What is required: Verbatim copy, pictures excluded: every line from the one with "Joe Boxer Rolling" through the final line of the data below, and no other line.

Data below:
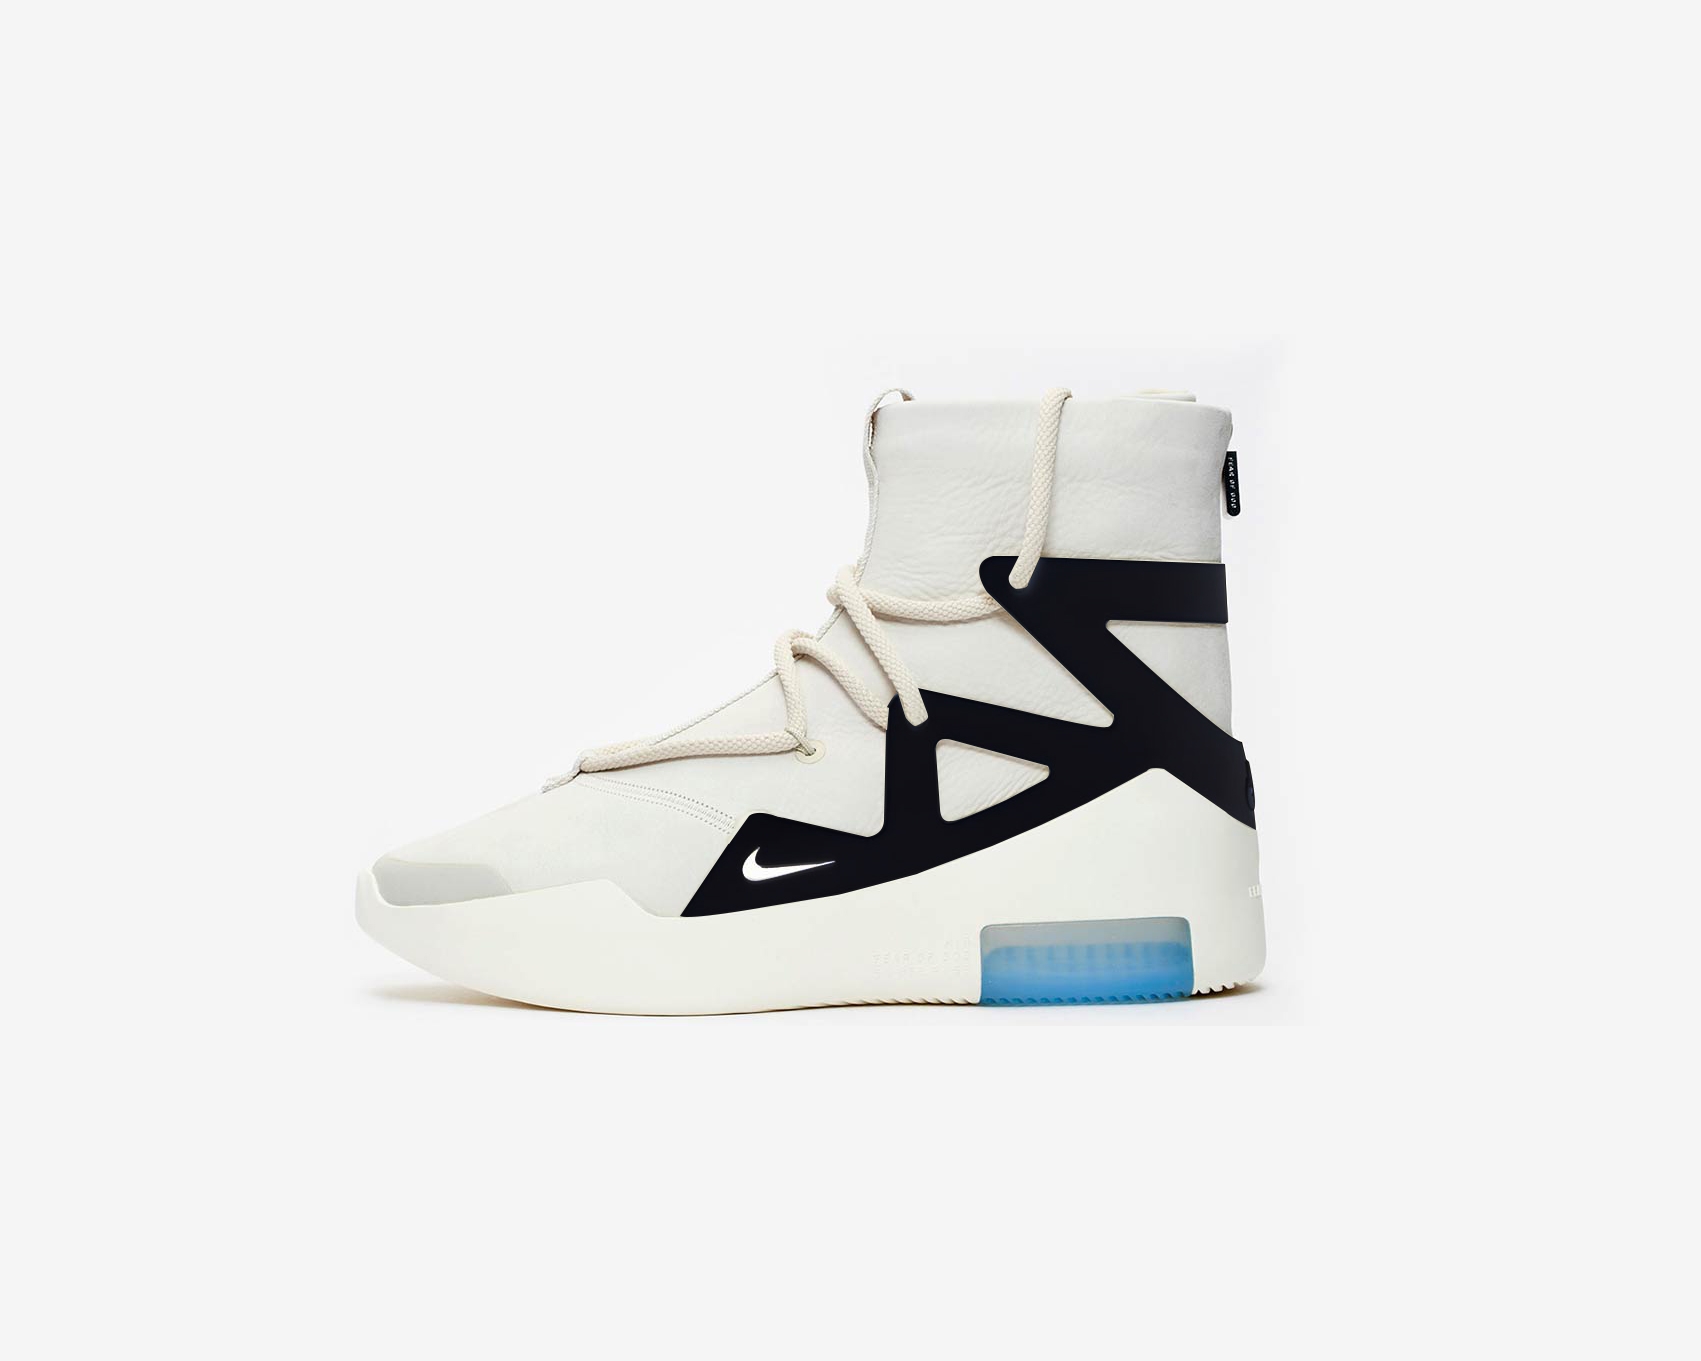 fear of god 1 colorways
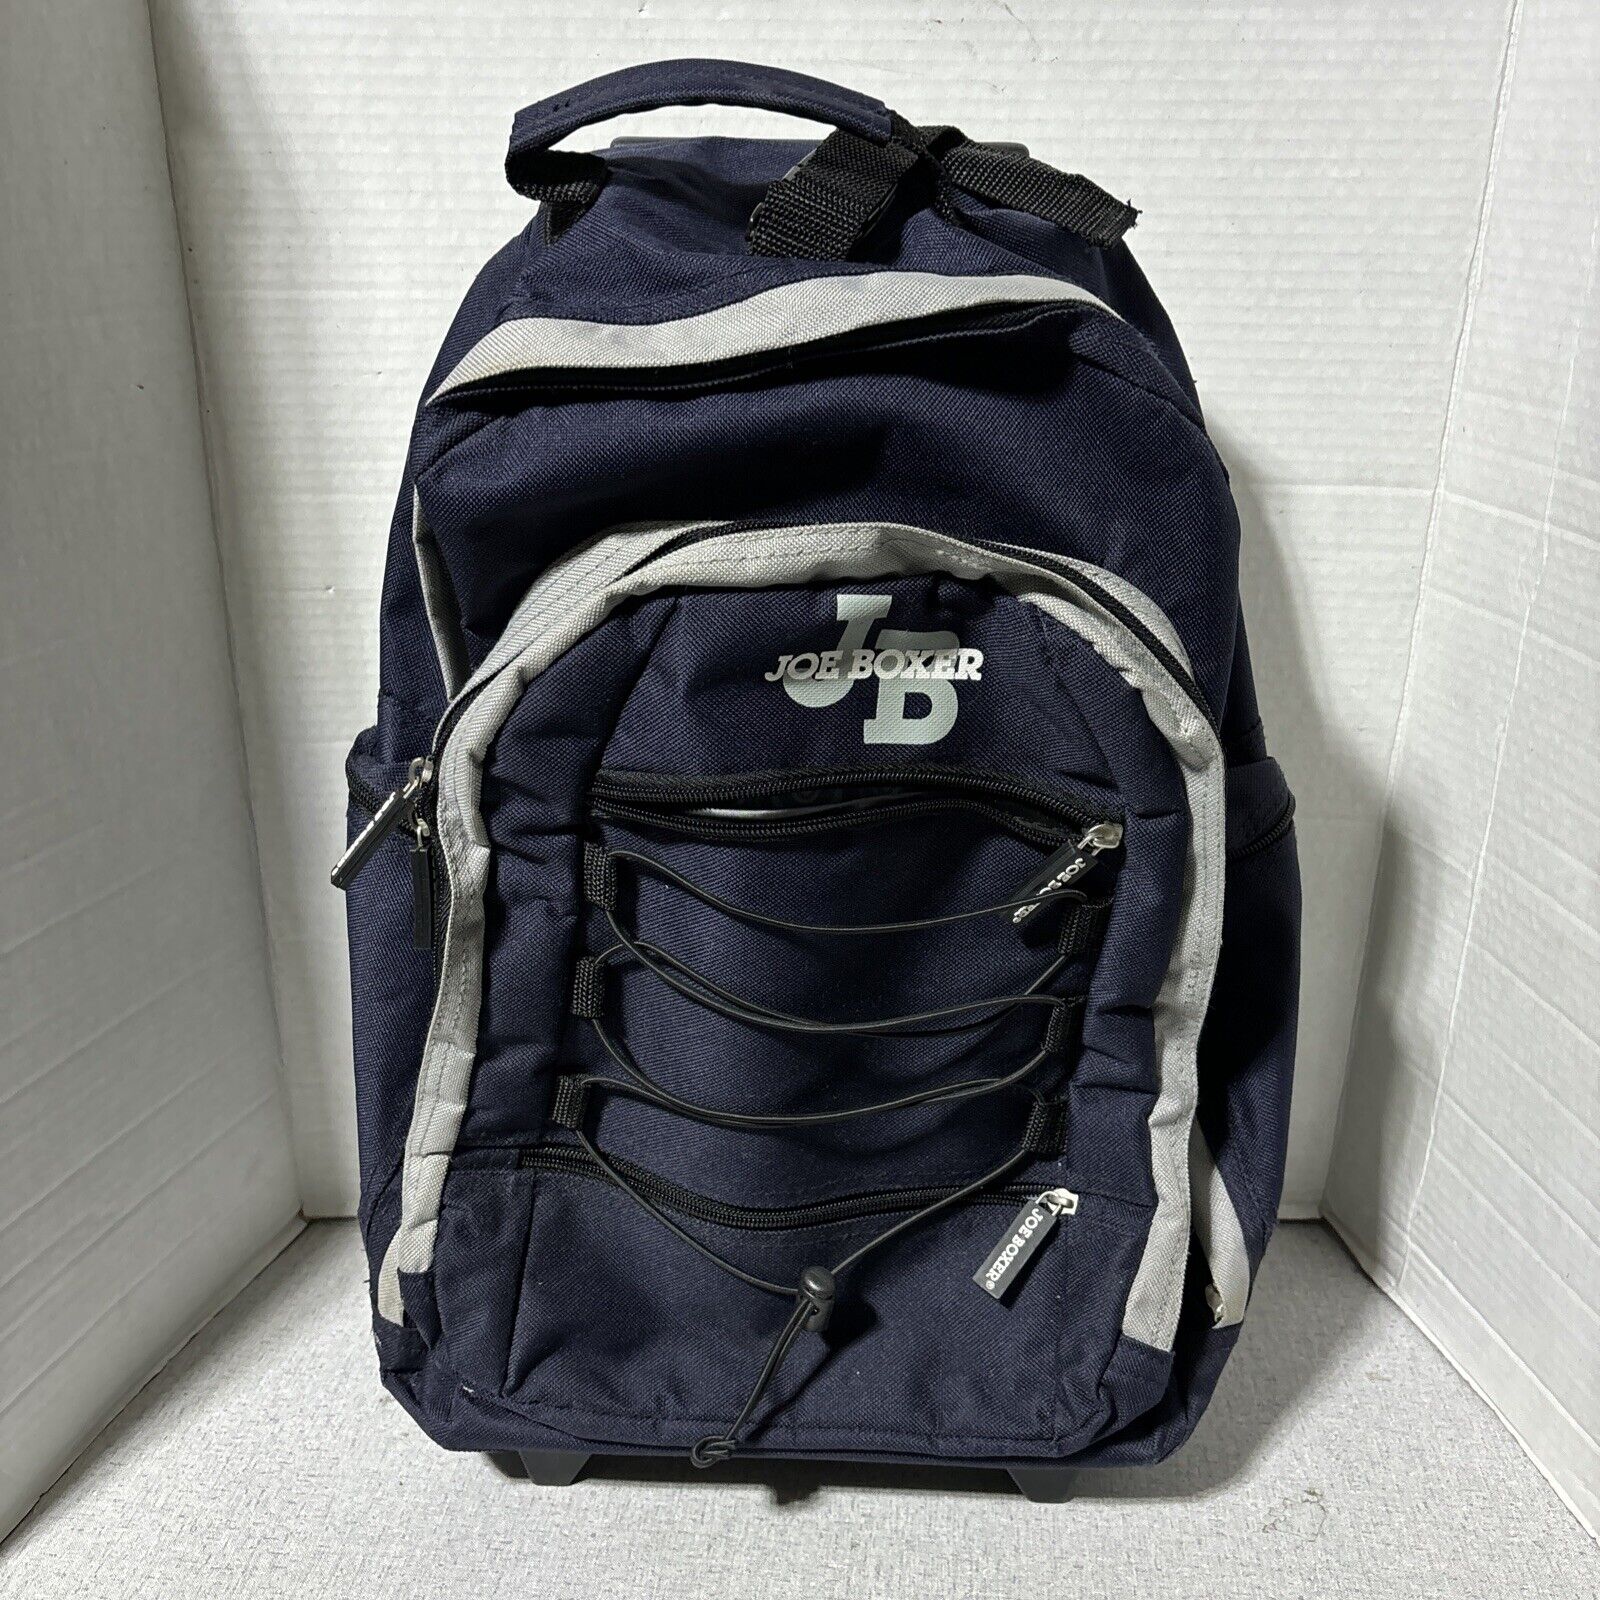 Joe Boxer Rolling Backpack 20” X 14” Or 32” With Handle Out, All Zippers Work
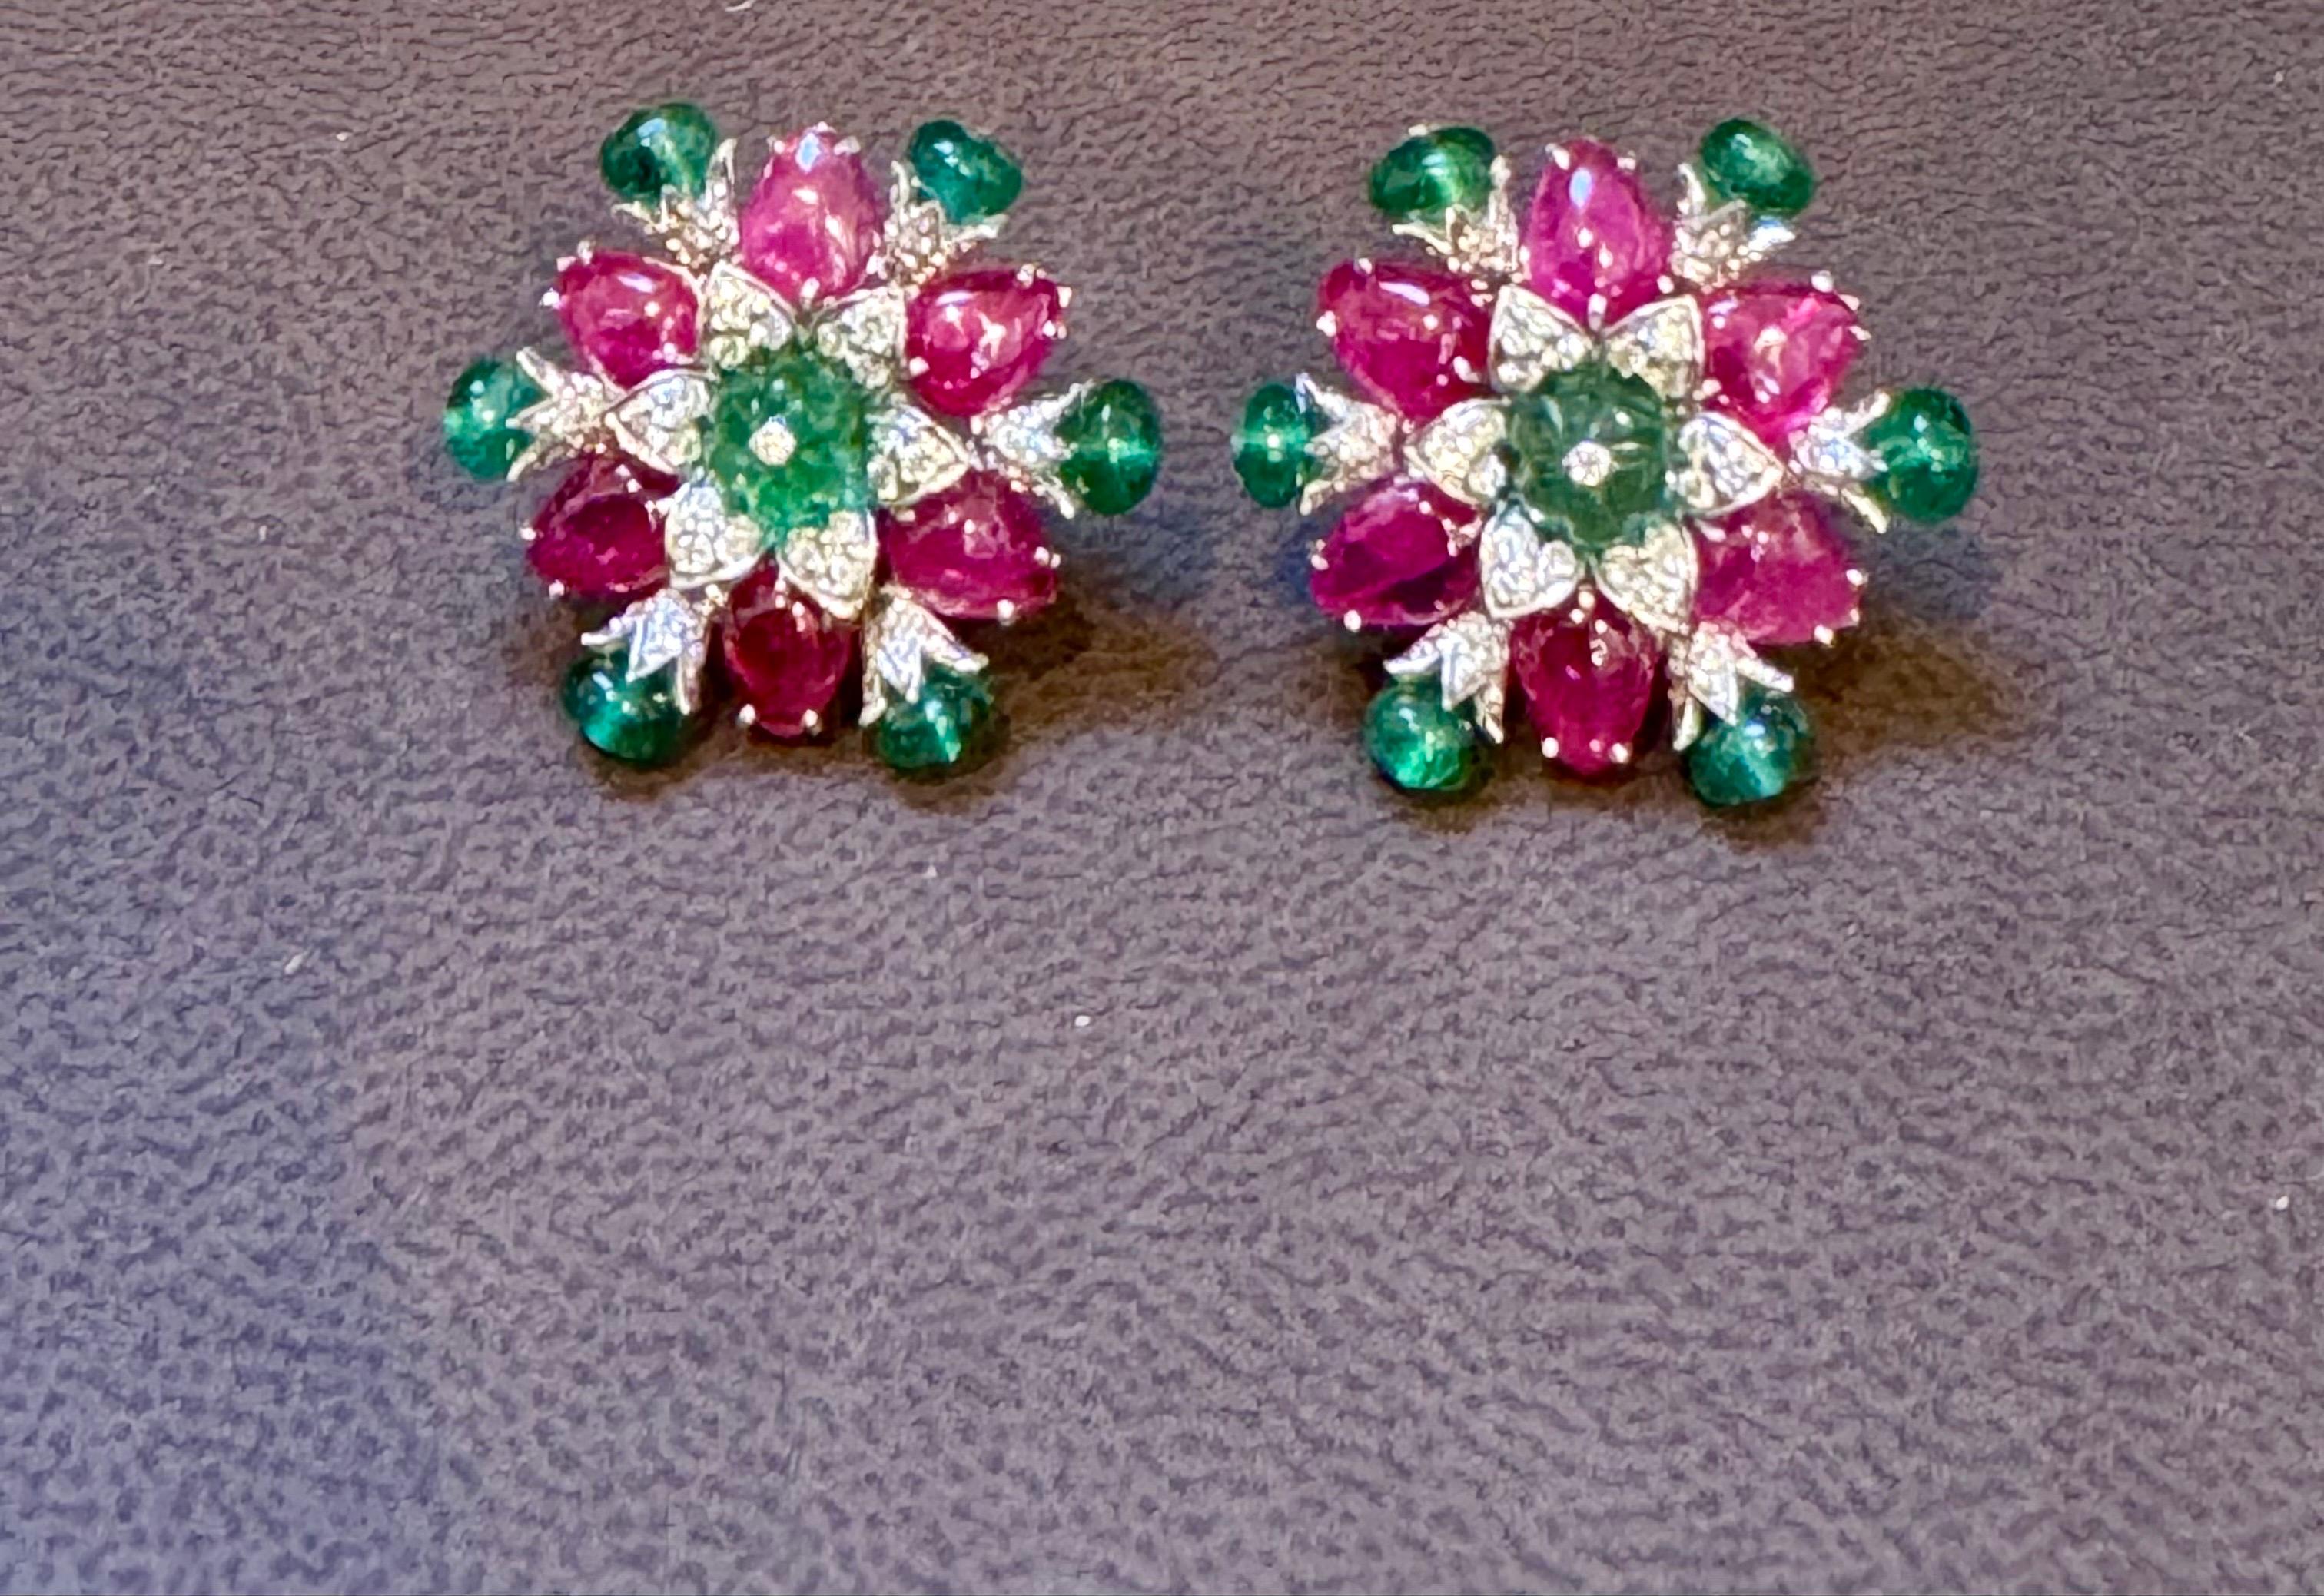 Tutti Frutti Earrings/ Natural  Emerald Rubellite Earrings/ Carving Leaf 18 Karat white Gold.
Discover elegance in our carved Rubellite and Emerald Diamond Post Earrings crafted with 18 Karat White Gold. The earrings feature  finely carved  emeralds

Output below:
 Joe Boxer Rolling Backpack 20” X 14” Or 32” With Handle Out, All Zippers Work
 Tutti Frutti Earrings/ Natural  Emerald Rubellite Earrings/ Carving Leaf 18 Karat white Gold.
Discover elegance in our carved Rubellite and Emerald Diamond Post Earrings crafted with 18 Karat White Gold. The earrings feature  finely carved  emeralds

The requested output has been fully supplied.